Problem description:
Going down the listing below, print exactly each line from the one with "Students graduation UK, undergraduates" up to and including the one with "Mountain (346) - 1999", and skip the rest.

──────── Dataset extract ────────

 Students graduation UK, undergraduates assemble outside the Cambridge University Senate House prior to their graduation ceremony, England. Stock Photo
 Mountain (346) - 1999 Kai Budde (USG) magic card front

────────
──────── Dataset extract ────────

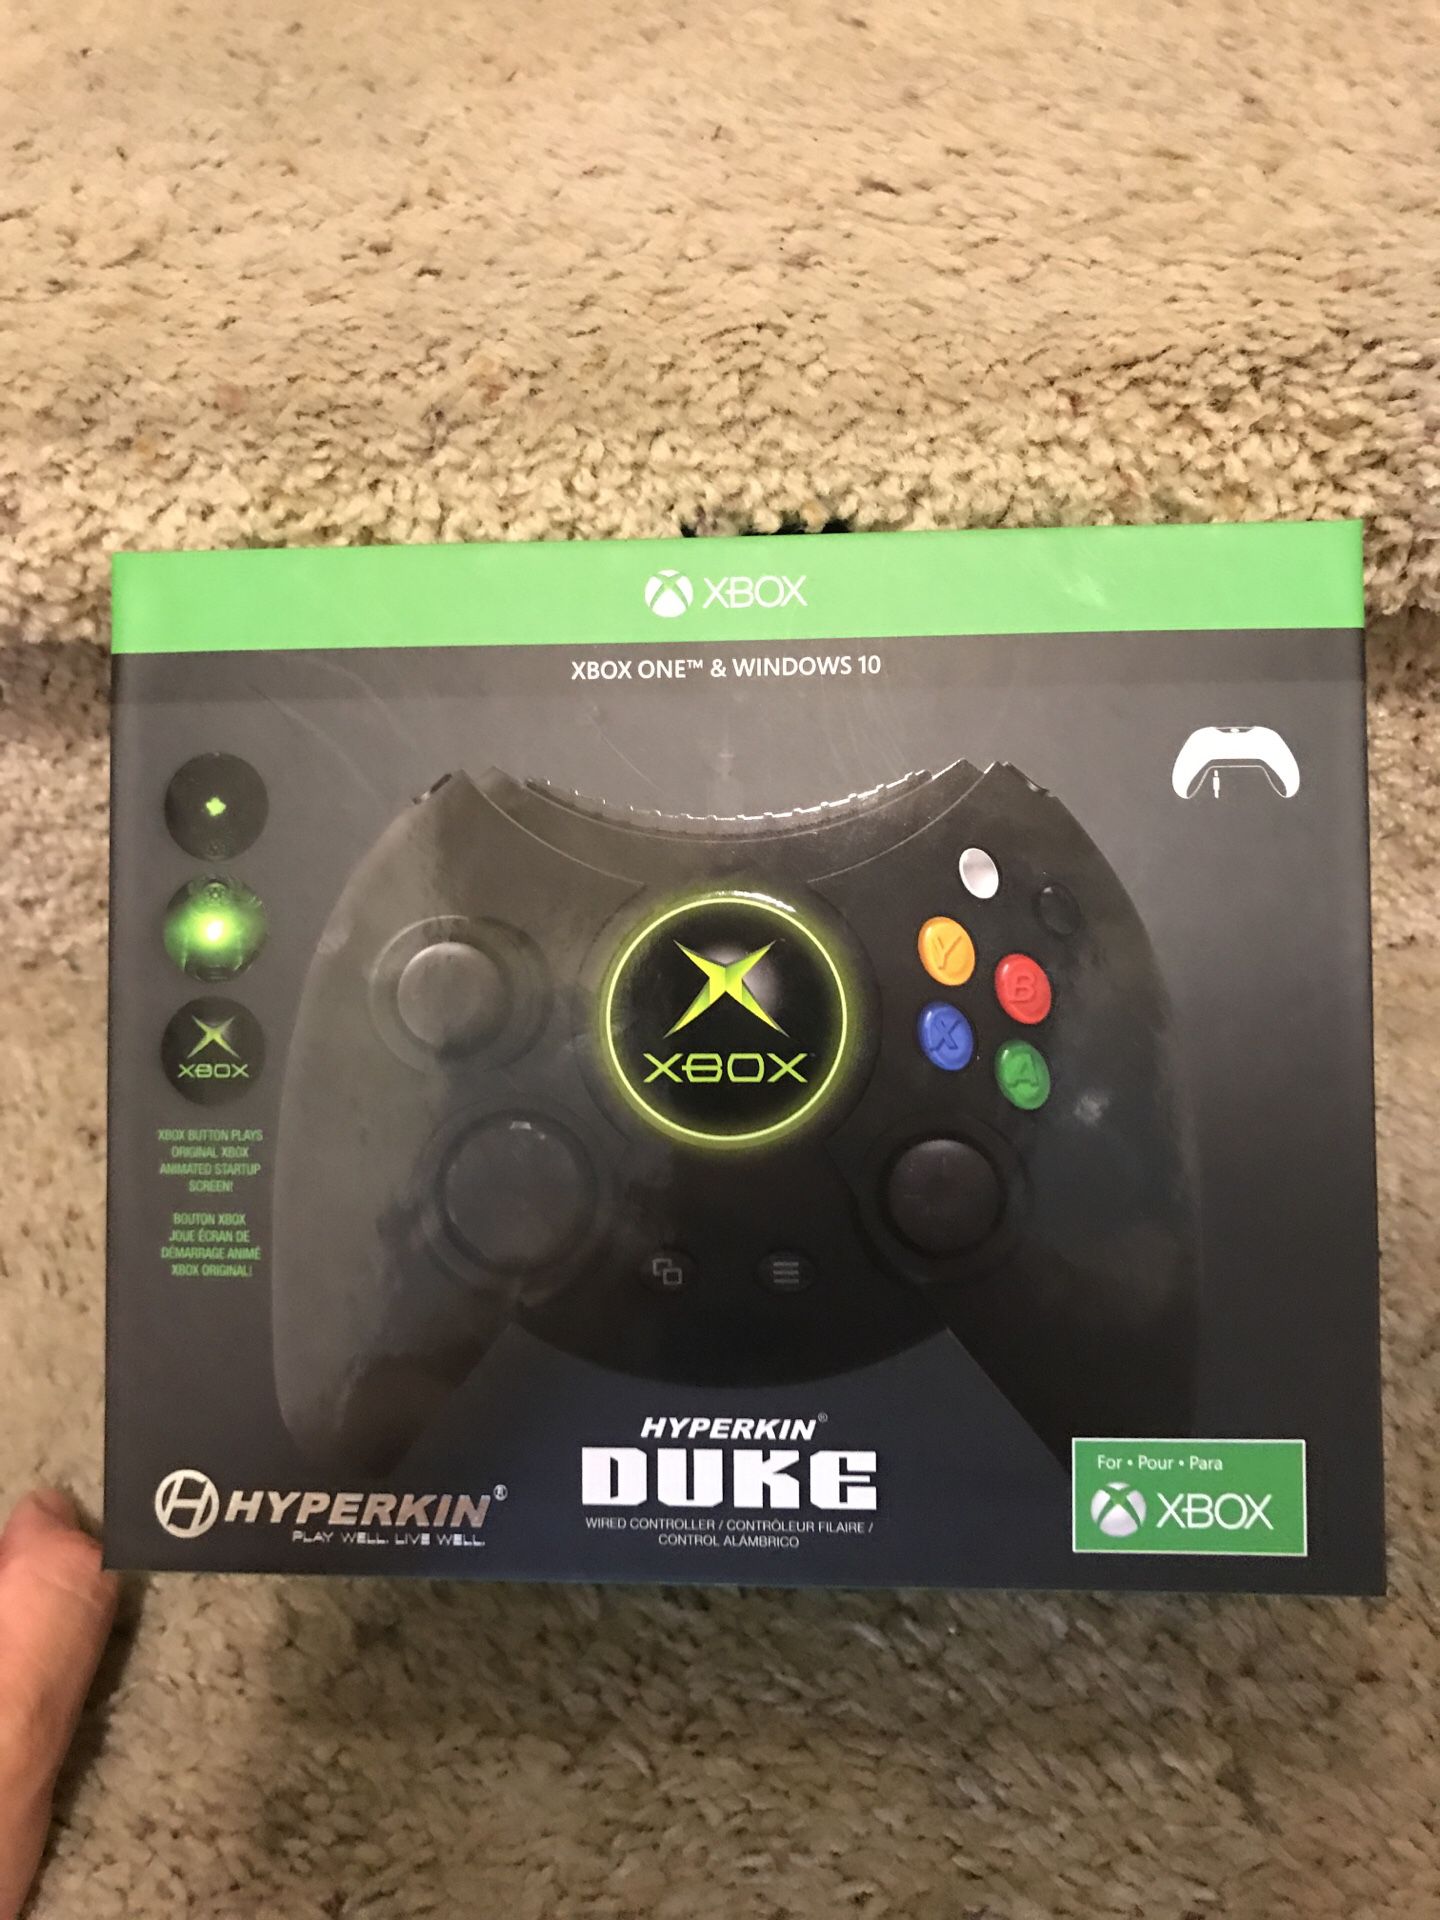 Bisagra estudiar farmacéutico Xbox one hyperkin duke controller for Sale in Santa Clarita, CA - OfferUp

────────

Your response:
 Students graduation UK, undergraduates assemble outside the Cambridge University Senate House prior to their graduation ceremony, England. Stock Photo
 Mountain (346) - 1999 Kai Budde (USG) magic card front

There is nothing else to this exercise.